Data extract:
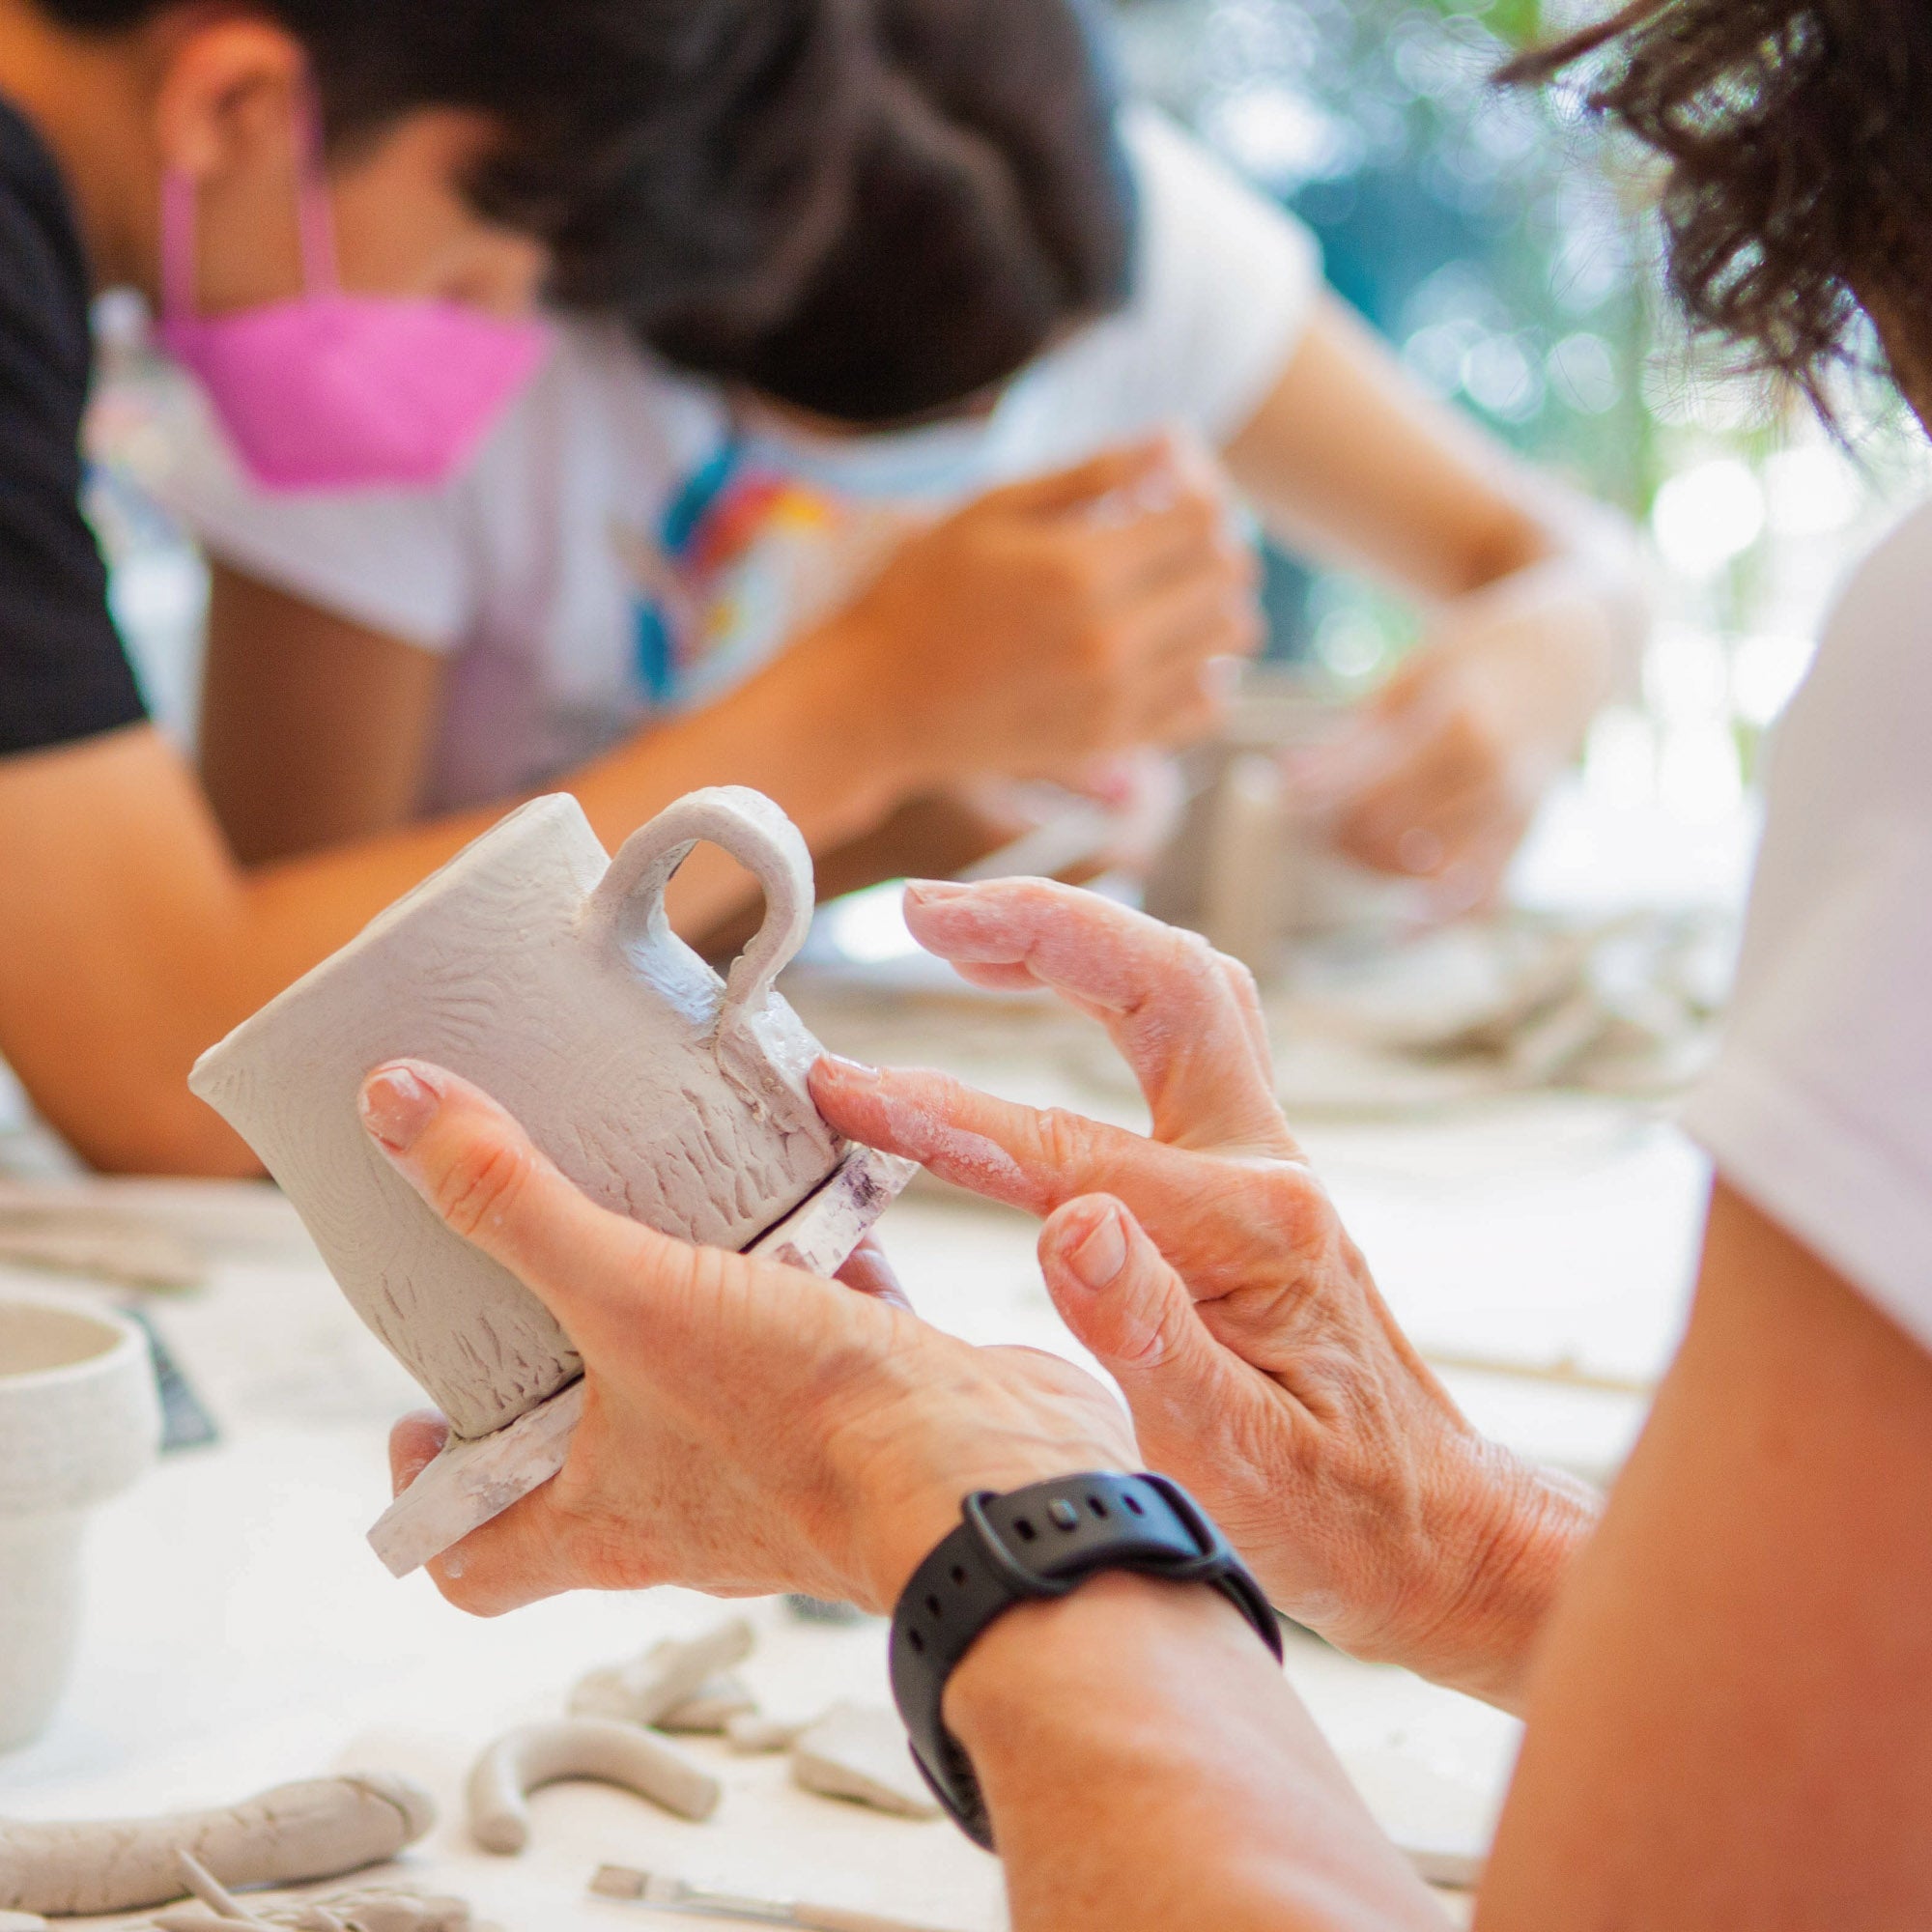 Echeri Ceramics Handmade functional pottery
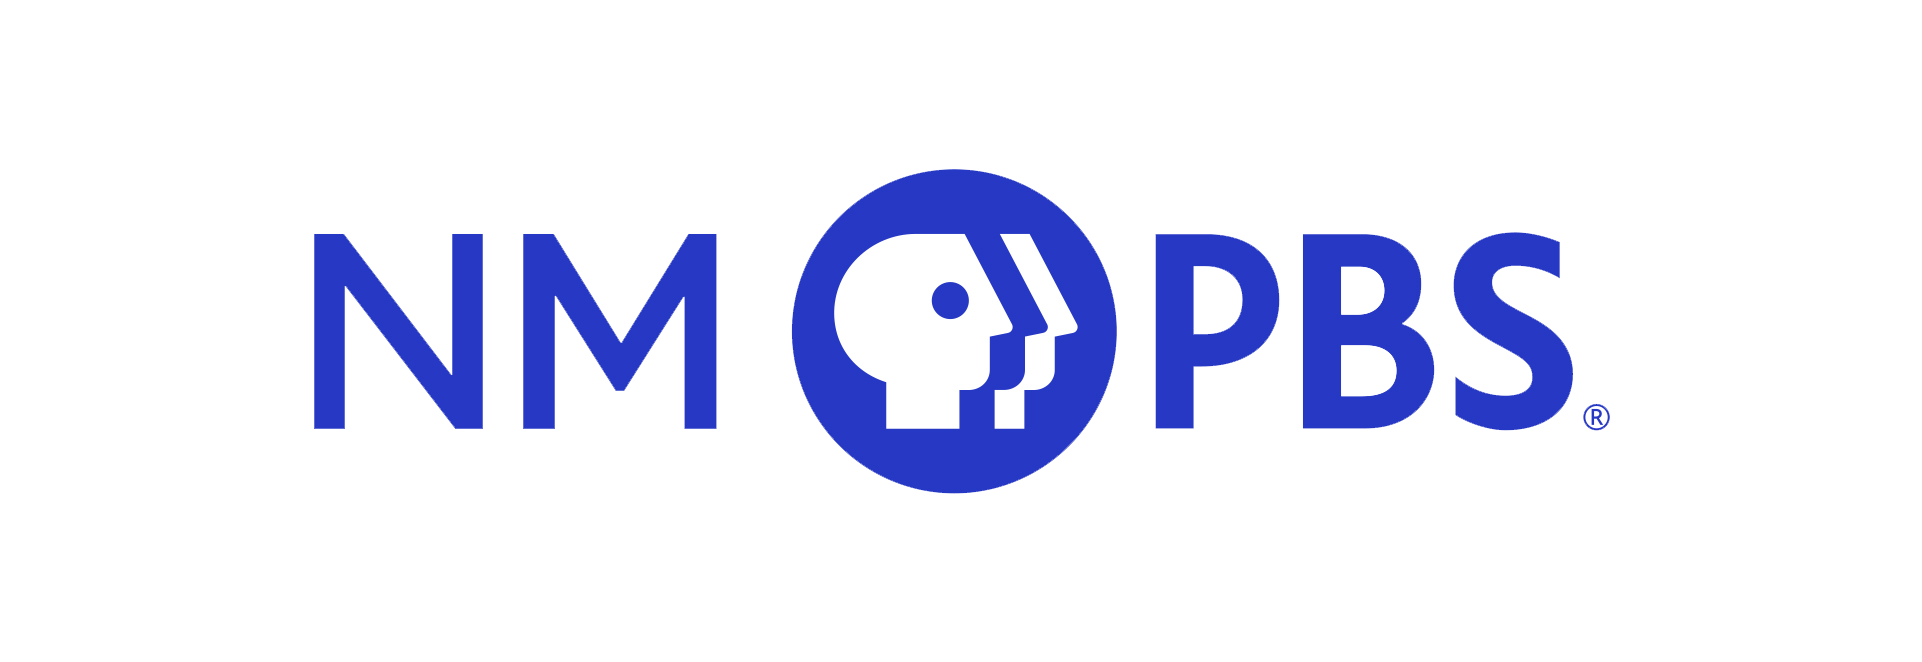 NM PBS logo
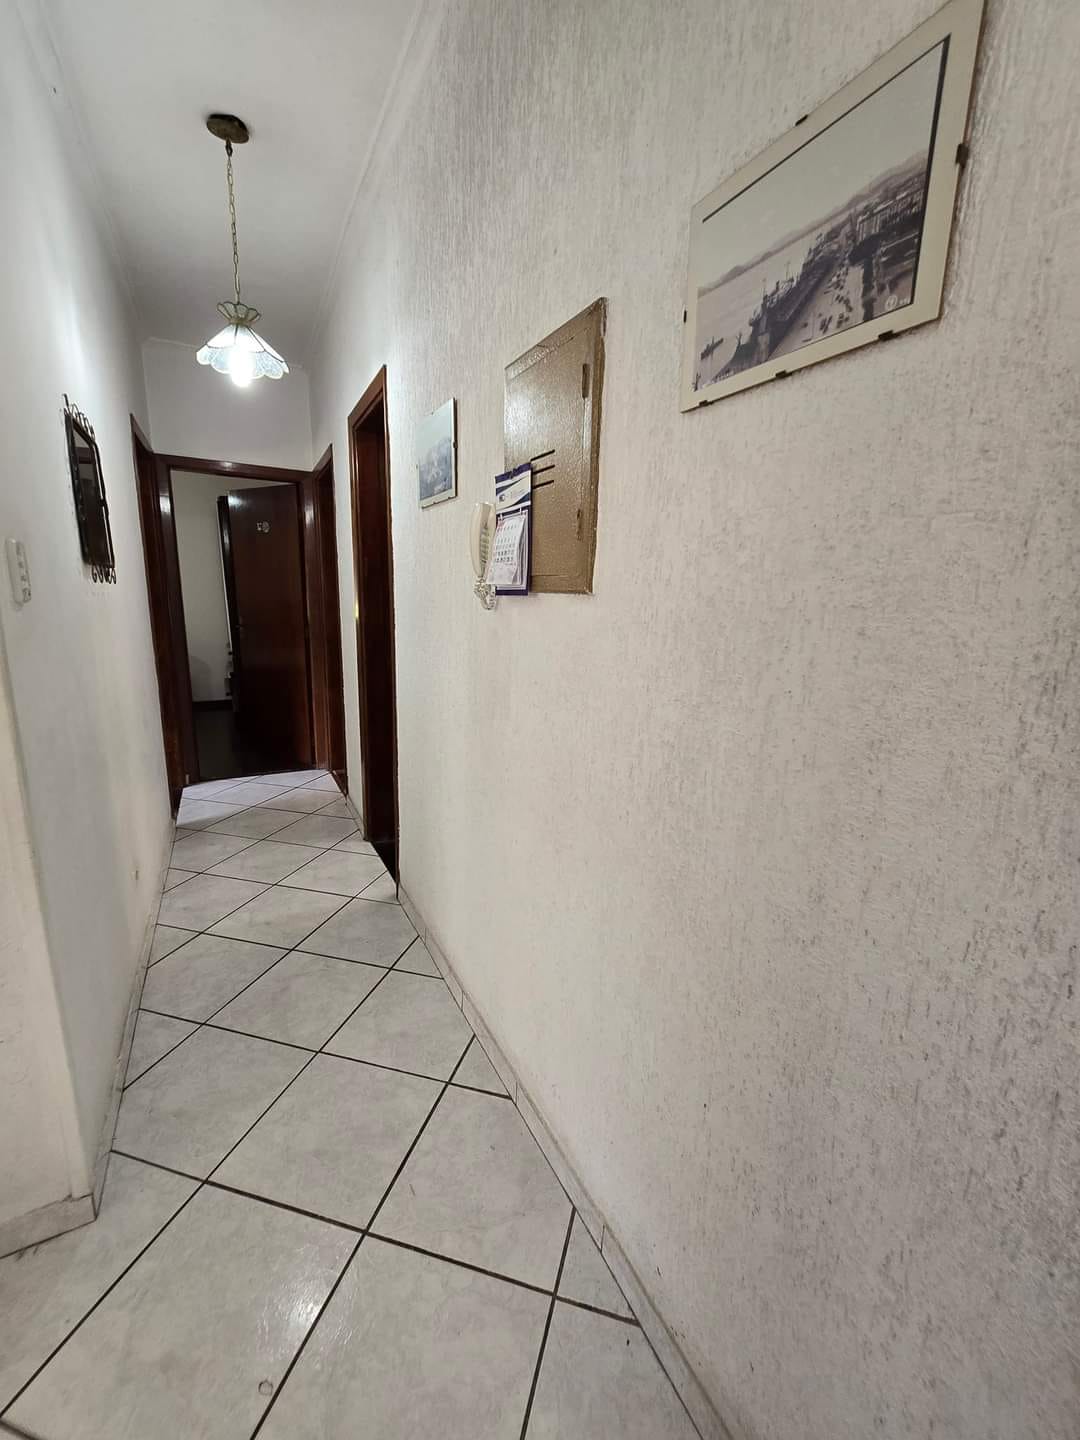 Pompeia Apartamento de 3 dormitorios predio de 3 andares garagem demarcada - foto 12
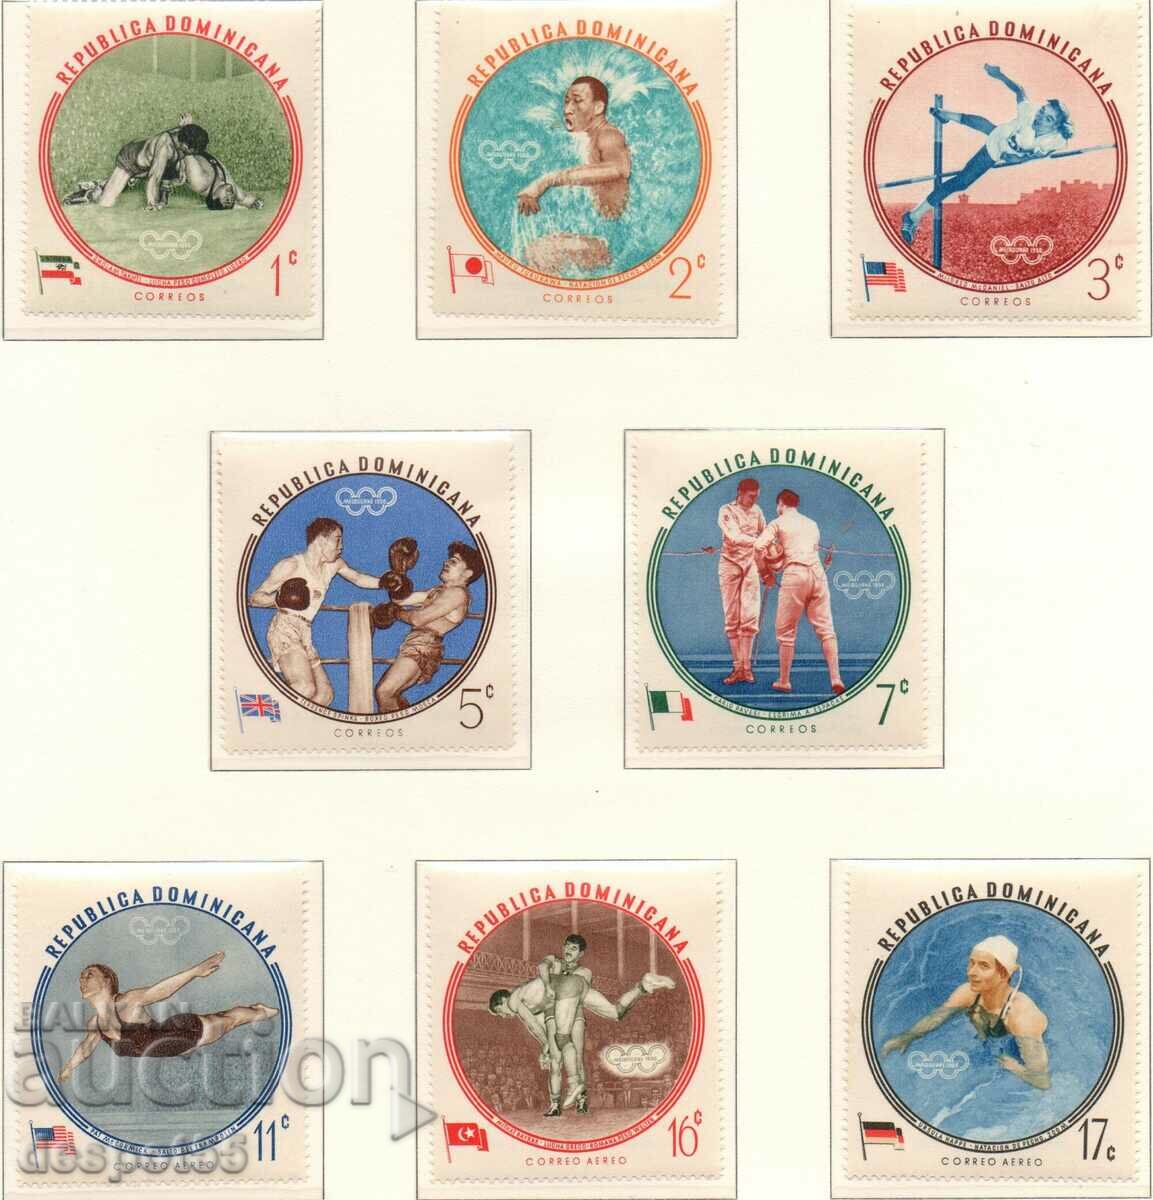 1960. Δομινικανή Δημοκρατία. Ολυμπιακοί Αγώνες - Μελβούρνη. Νικητές.

Activity:
The task calls for duplicating the data exactly, with no images kept.

Completed task:
 Echeri Ceramics Handmade functional pottery
 NM PBS logo
 Pompeia Apartamento de 3 dormitorios predio de 3 andares garagem demarcada - foto 12
 1960. Δομινικανή Δημοκρατία. Ολυμπιακοί Αγώνες - Μελβούρνη. Νικητές.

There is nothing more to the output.